Now, contextually read that portion of the Debate extracted in the NJAC judgment itself. Nothing is left to the imagination as to where the sympathies of the majority lay notwithstanding what our framers thought, observed, and said in the Constituent Assembly. That would suggest something to the ‘value’ of the Debates, in judicial interpretations.

“It is surprising, that the Chief Justice of India, on account of the position he holds as pater familias of the judicial fraternity, and on account of the serious issues, that come up for judicial adjudication before him, which have immeasurable political and financial consequences, besides issues of far reaching public interest, was suspected by none other than Dr. B.R. Ambedkar, during the course of the Constituent Assembly debates, when he declined to accept the suggestions made by some Members of the Constituent Assembly, that the selection and appointment of Judges to the higher judiciary should be made with the “concurrence” of the Chief Justice of India, by observing, that even though the Chief Justice of India was a very eminent person, he was after all just a man with all the failings, all the sentiments, and all the prejudices, which common people have. And therefore, the Constituent Assembly did not leave it to the individual wisdom of the Chief Justice of India, but required consultation with a plurality of Judges, by including in the consultative process (at the discretion of the President of India), not only Judges of the Supreme Court of India, but also Judges of High Courts (in addition to the mandatory consultation with the Chief Justice of India).”

This is how the majority went on to summarise the findings from the Debates.
“The discussion leading up to the Constituent Assembly Debates and relating to the appointment of judges clearly brings out that: (1) The independence of the judiciary was unflinchingly accepted by all policy and decision makers;(2) The appointment of judges of the Supreme Court and the High Courts was to be through a consultative process between the President and the Chief Justice of India, neither of whom had unfettered discretion in the matter; (3) In any event, the political executive had no role or a very little role to play in the decision-taking process. Notwithstanding this, the political executive did interfere in the appointment process as evidenced by the Memorandum prepared in the Conference of Chief Justices by, inter alia, recommending persons for appointment as judges of the High Court. Resultantly, the appointment of judges to the High Courts was not always on merit and sometimes without the recommendation of the Chief Justice of the High Court;
(4) A constitutional convention existed that the appointment of judges should be made in conformity with the views of the Chief Justice of India (5) The proposal for the appointment of a judge of the Supreme Court or a High Court could originate from the President (although it never did) or the Chief Justice of India and regardless of the origin, it would normally be accepted. However, the possibility of the President giving in to political or party pressures was not outside the realm of imagination. (6) Historically, the Chief Justice of India was always consulted in the matter of appointment of judges, and conventionally his concurrence was always taken regardless of whether a recommendation for appointment originated from the Chief Justice of the High Court or the political executive. It is in this light that the discussion in the Constituent Assembly on the issue of appointment of judges to the Supreme Court and the High Courts deserves to be appreciated. (7) It remained a grey area whether in the appointment of judges, the President was expected to act on his/her own or on the advice of the political executive”
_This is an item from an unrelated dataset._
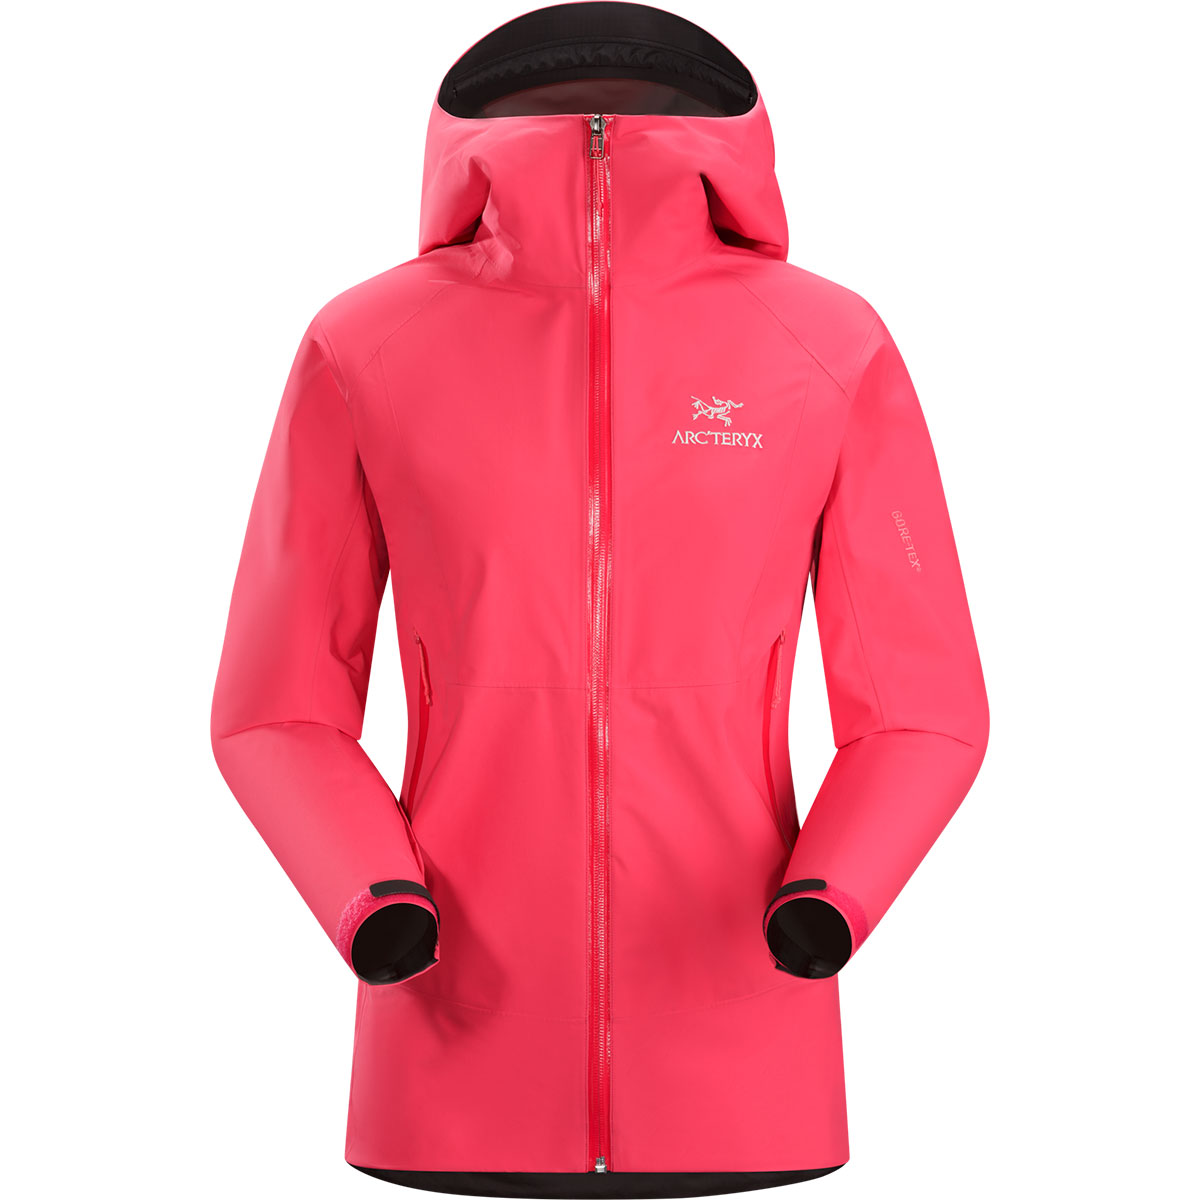 Arc'teryx Beta SL Jacket, women's, discontinued Fall 2016 colors (free ...

It is on the basis of these findings that the majority concluded that the presence of the Union Law Minister in the selection panel of Eminent persons under NJAC was antithetical to the precept and practice of Independent Judiciary as a Basic Structure of the Constitution- as affirmed in Keshavananda Bharati verdict. Let the reader judge the judges on their understanding of what our framers of the Constitution left for us. That takes us to where we anyway ought to go Musing.